The final hardware setup is:
Mainboard: ASUS P5B deluxe
Processor: Core2Duo E6600 2x2.4GHz
RAM: 4 GB Corsair PC2-800 CL4
Video: Radeon X300, 128MB
HDD: 80GB Samsung IDE
-> 3500 max Jitter with 5 glxgears and FullHD video playback (which shows only a few frames every 10 seconds) mesured for 1 hour.
I bought and have installed a Gigabyte GA-E350N motherboard with 4 GB DDR1600 RAM. Storage is a 64 GB SSD. It boots an install from the latest live CD in about 20 seconds. For those that don't know, this is a mini itx low power PC with a dual core AMD cpu running at 1.6Ghz. The CPU includes an integrated Radeon GPU, although I am not using it at the moment because loading the radeon drivers seemed to greatly increase latency in previous testing.
I tried various configurations in the bios and grub to improve latency test scores. Oddly, it seemed to give better scores when I did *not* use the ISOLCPUs parameter, giving me stable 10000/4000 numbers with both CPUs enabled but all the other BIOS switches set as described here.
I then decided to try the scripts here and check latency, including running the ISOLCPUS parameter. So far it's running numbers of about 4000/1200 for latency running two copies of glxgears and browsing with a copy of firefox... a significant improvement if correct (this is, after all, a benchmark instead of real work).
Just another data point for you.
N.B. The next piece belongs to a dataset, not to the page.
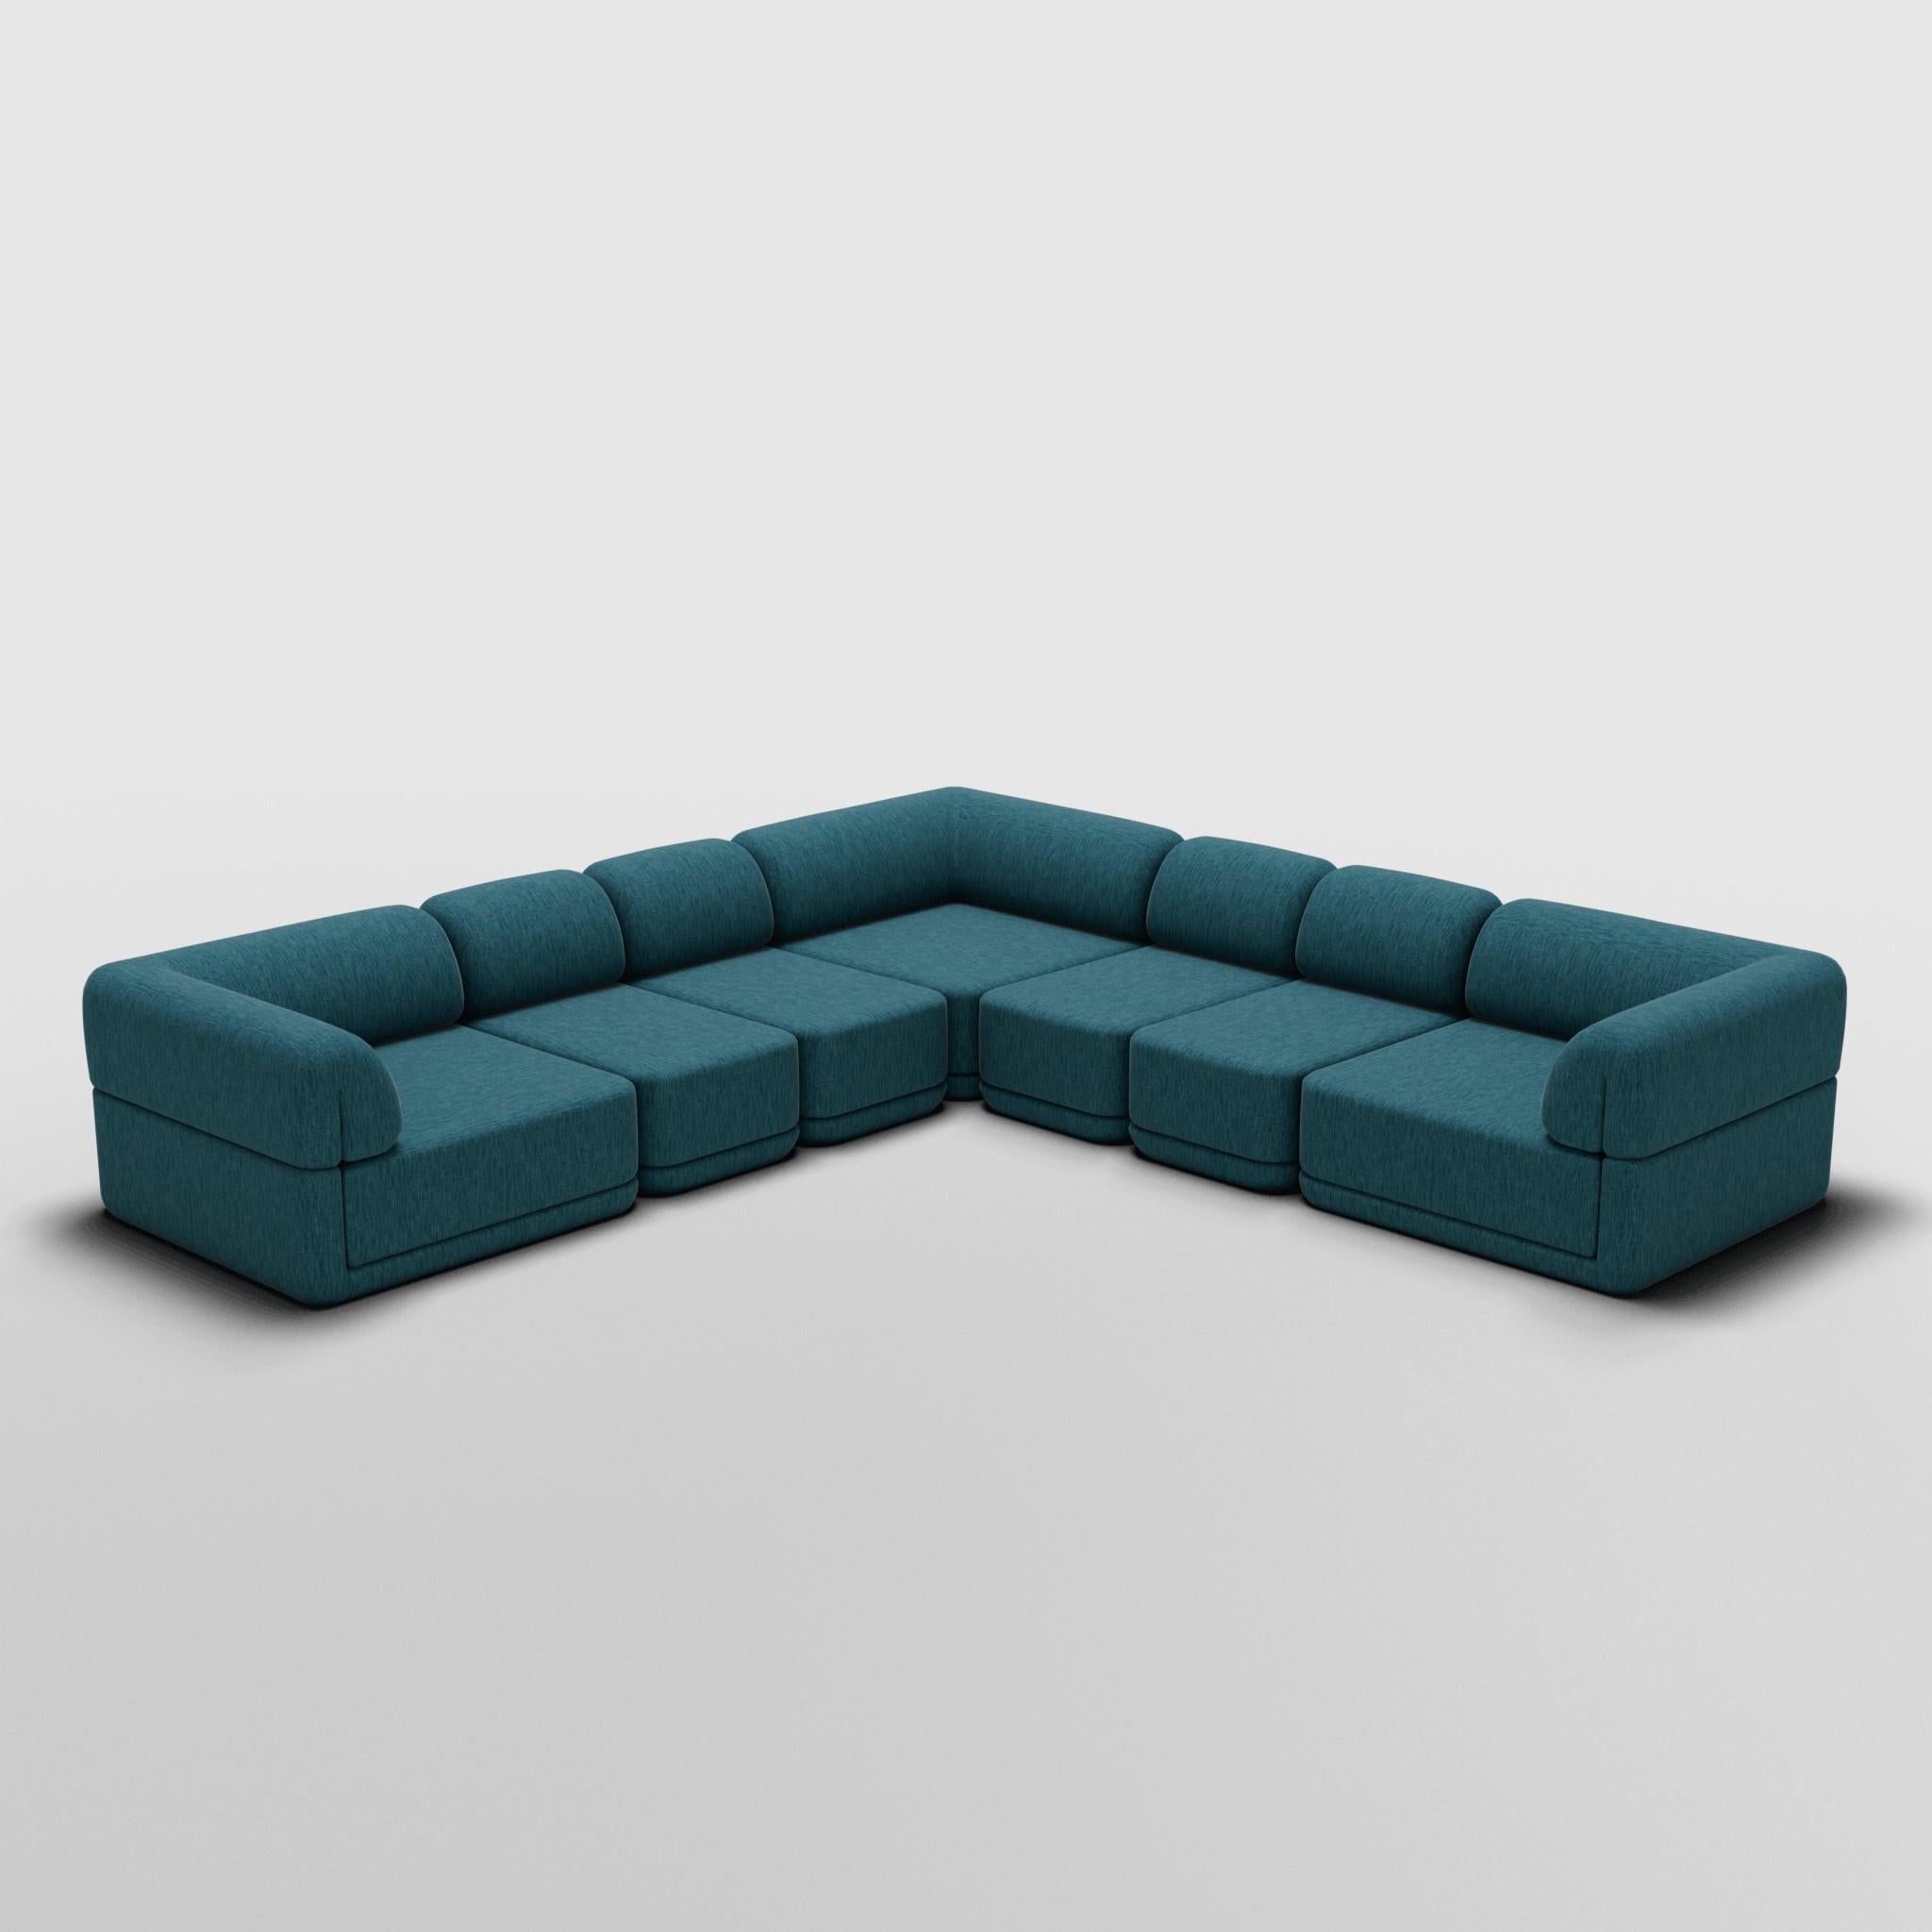 Sectionnel mince d'angle - Inspiré par les meubles de luxe italiens des années 70

Découvrez le canapé Cube, où l'art rencontre l'adaptabilité. Son design sculptural et son confort personnalisable créent des possibilités infinies pour votre espace

I'll post later results after I run it in for 24 hours. I might try changing the base thread period to match the servo, and change the servo time to something like 125us, to simulate running an 8khz servo thread. If anyone can think of latency test settings to try to verify a servo thread that fast will really work, I'd appreciate it.
This computer is a replacement for my mill control PC, so I'll be installing a Mesa 5i20 and servo card for use, IE no software stepping... although the reason I want low latency is that I'd like to try doing software commutation on some brushless servos.